■ **EXERCISE PROMPT**:
Apart from the pictures, reproduce the data below exactly as it stands.

■ **DATASET EXTRACT**:
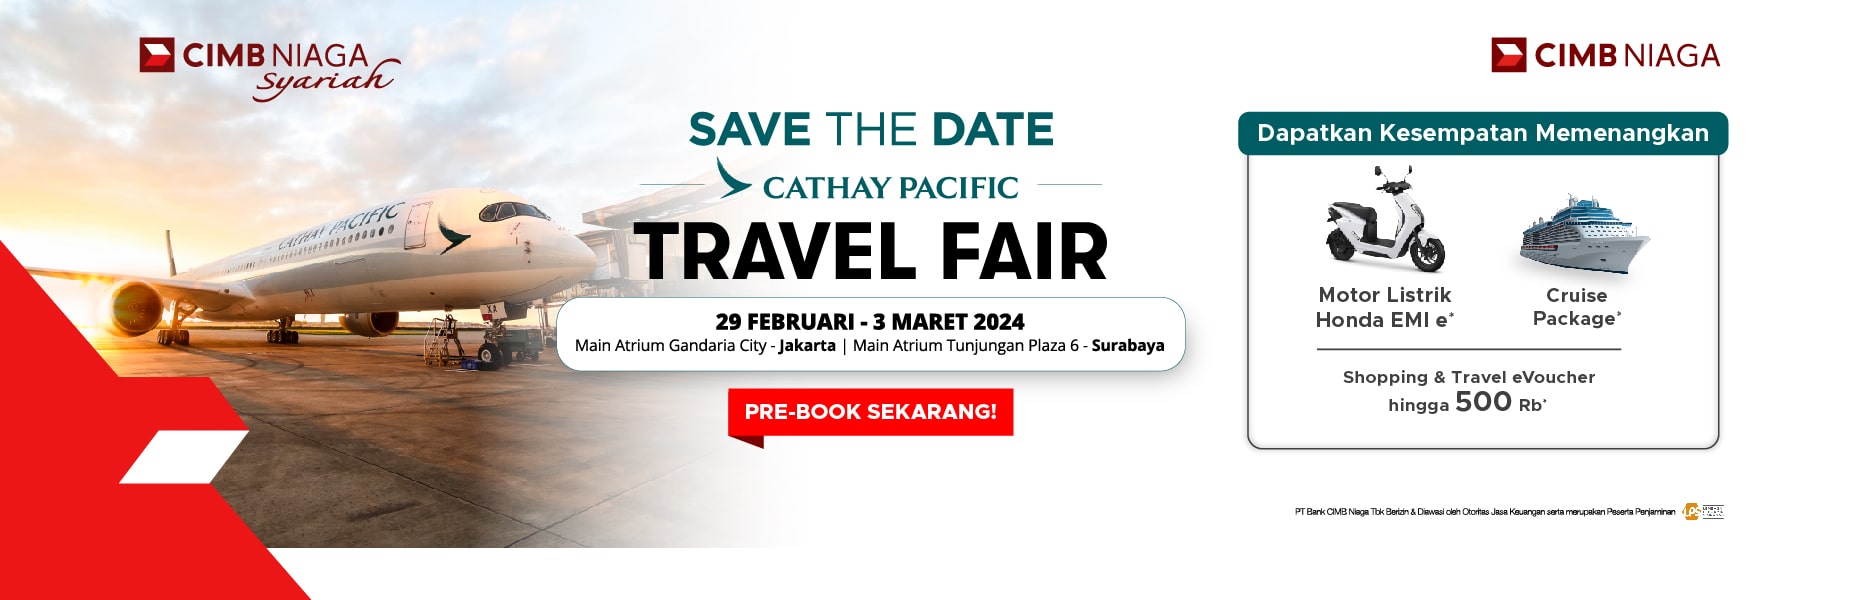 Cathay Pacific Travel Fair
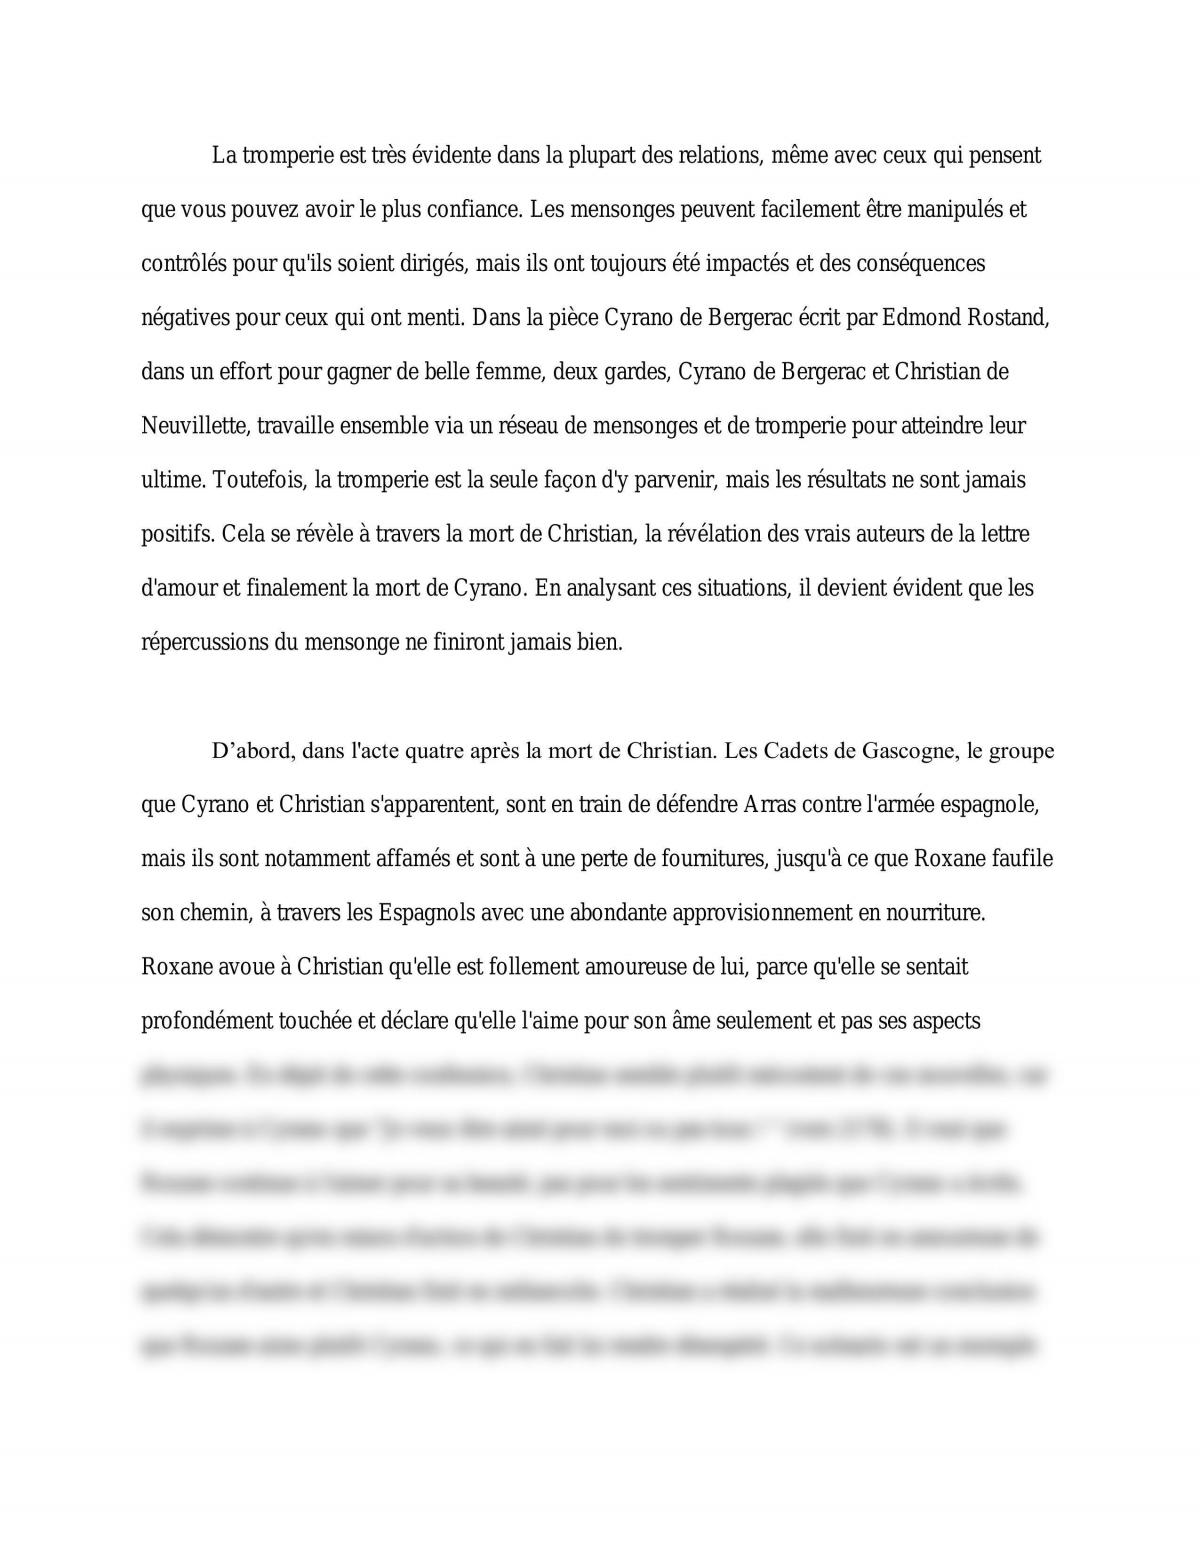 Cyrano de Bergerac - Page 1
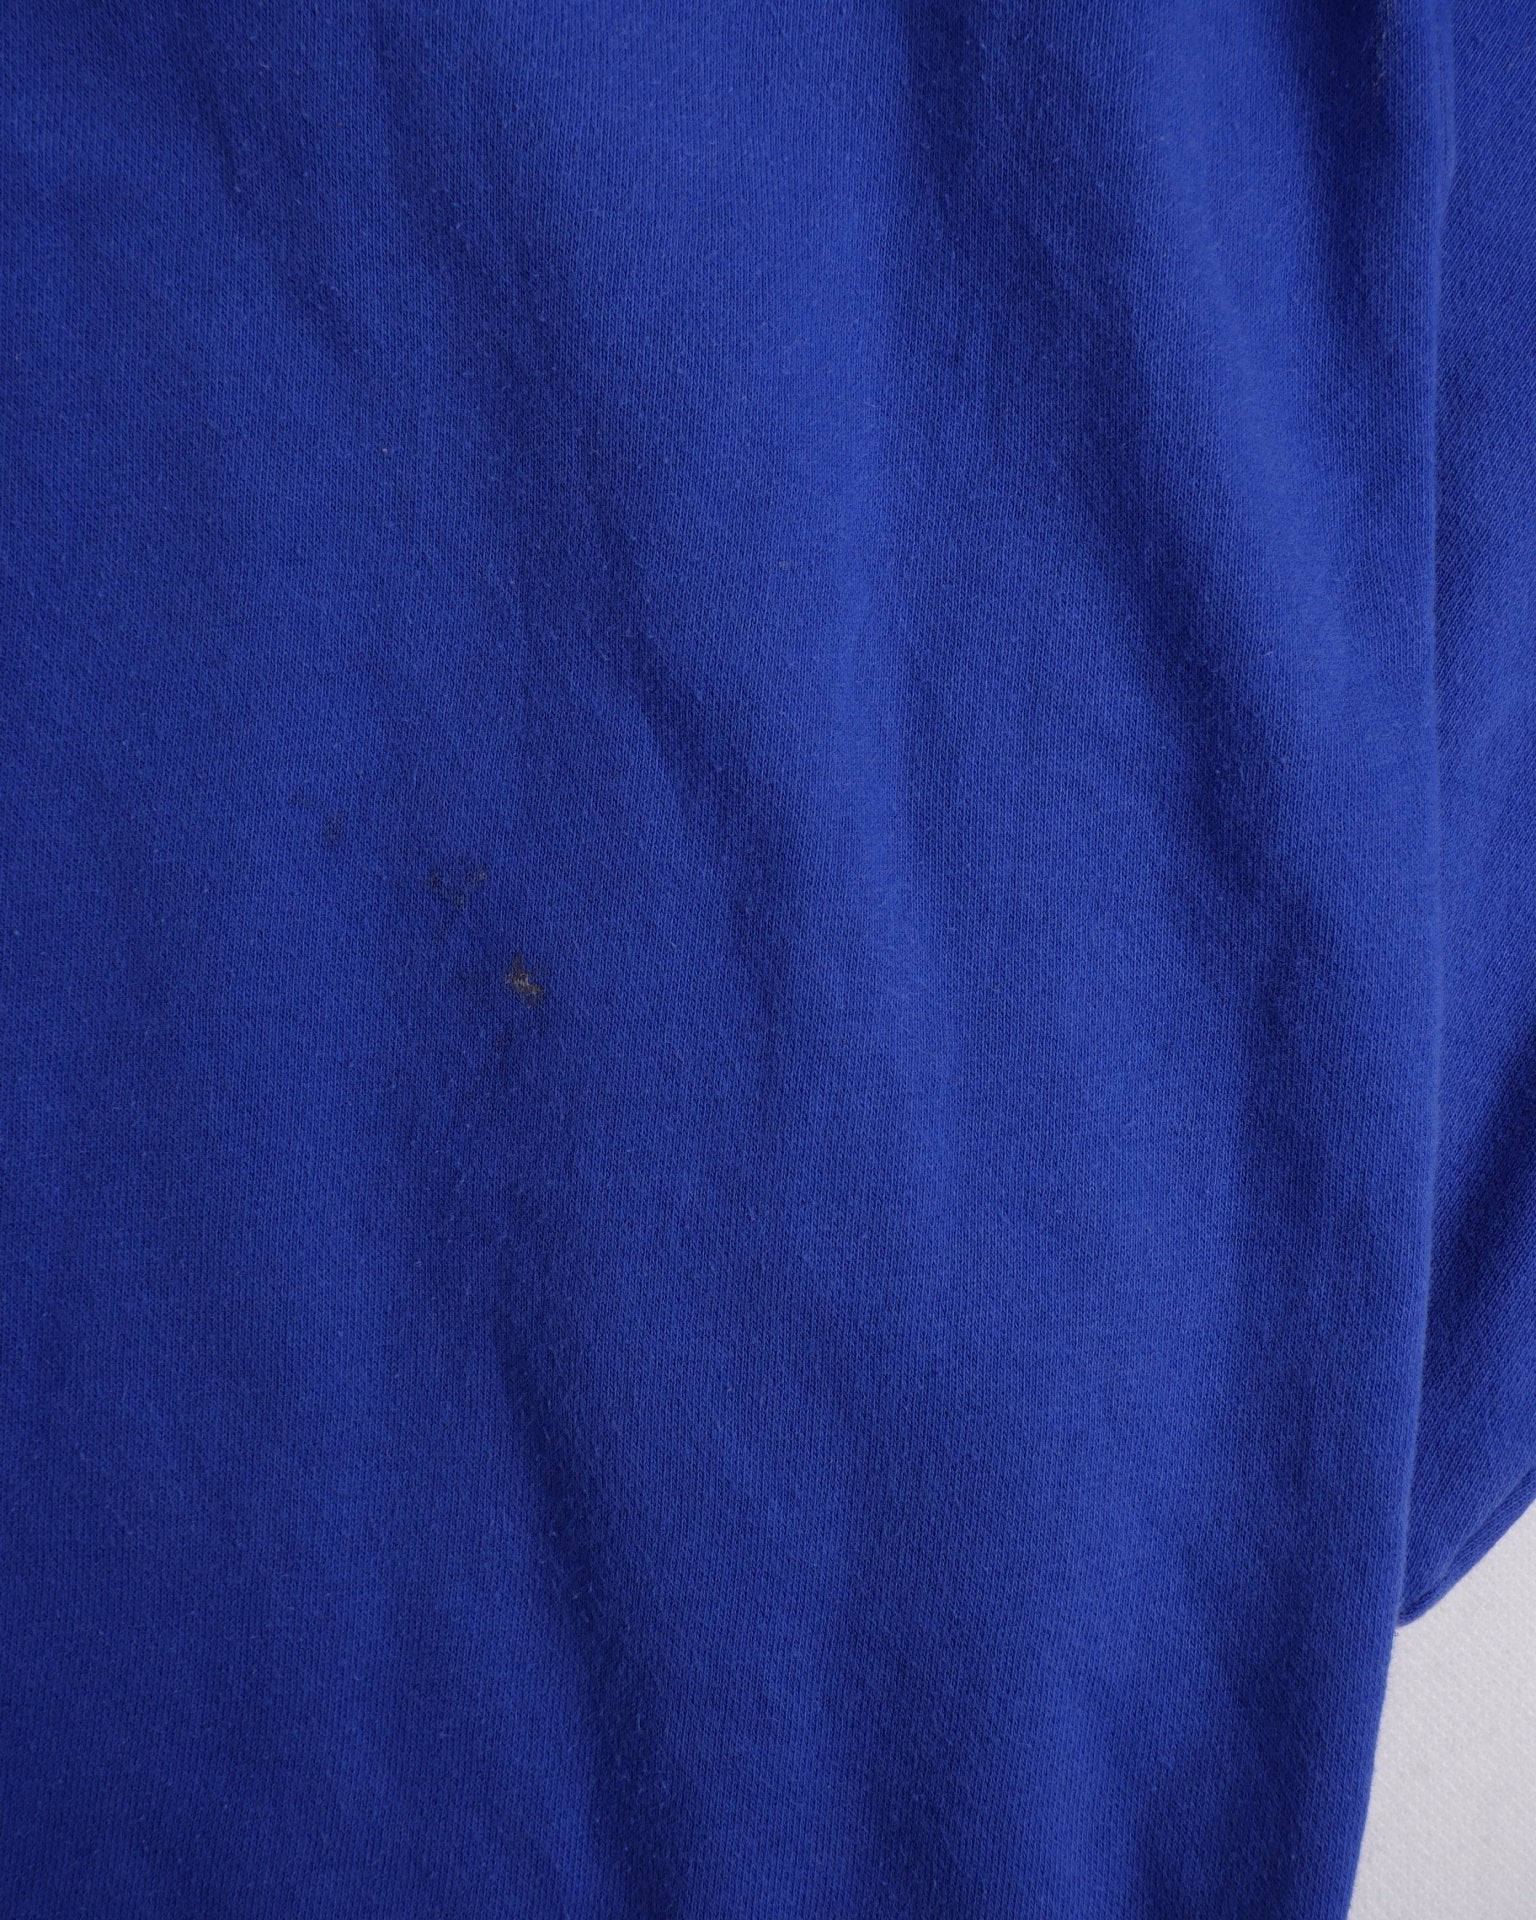 Adidas embroidered Logo blue Half Zip Sweater - Peeces

■ **ANSWER**:
 Cathay Pacific Travel Fair
 Cyrano de Bergerac - Page 1
 Adidas embroidered Logo blue Half Zip Sweater - Peeces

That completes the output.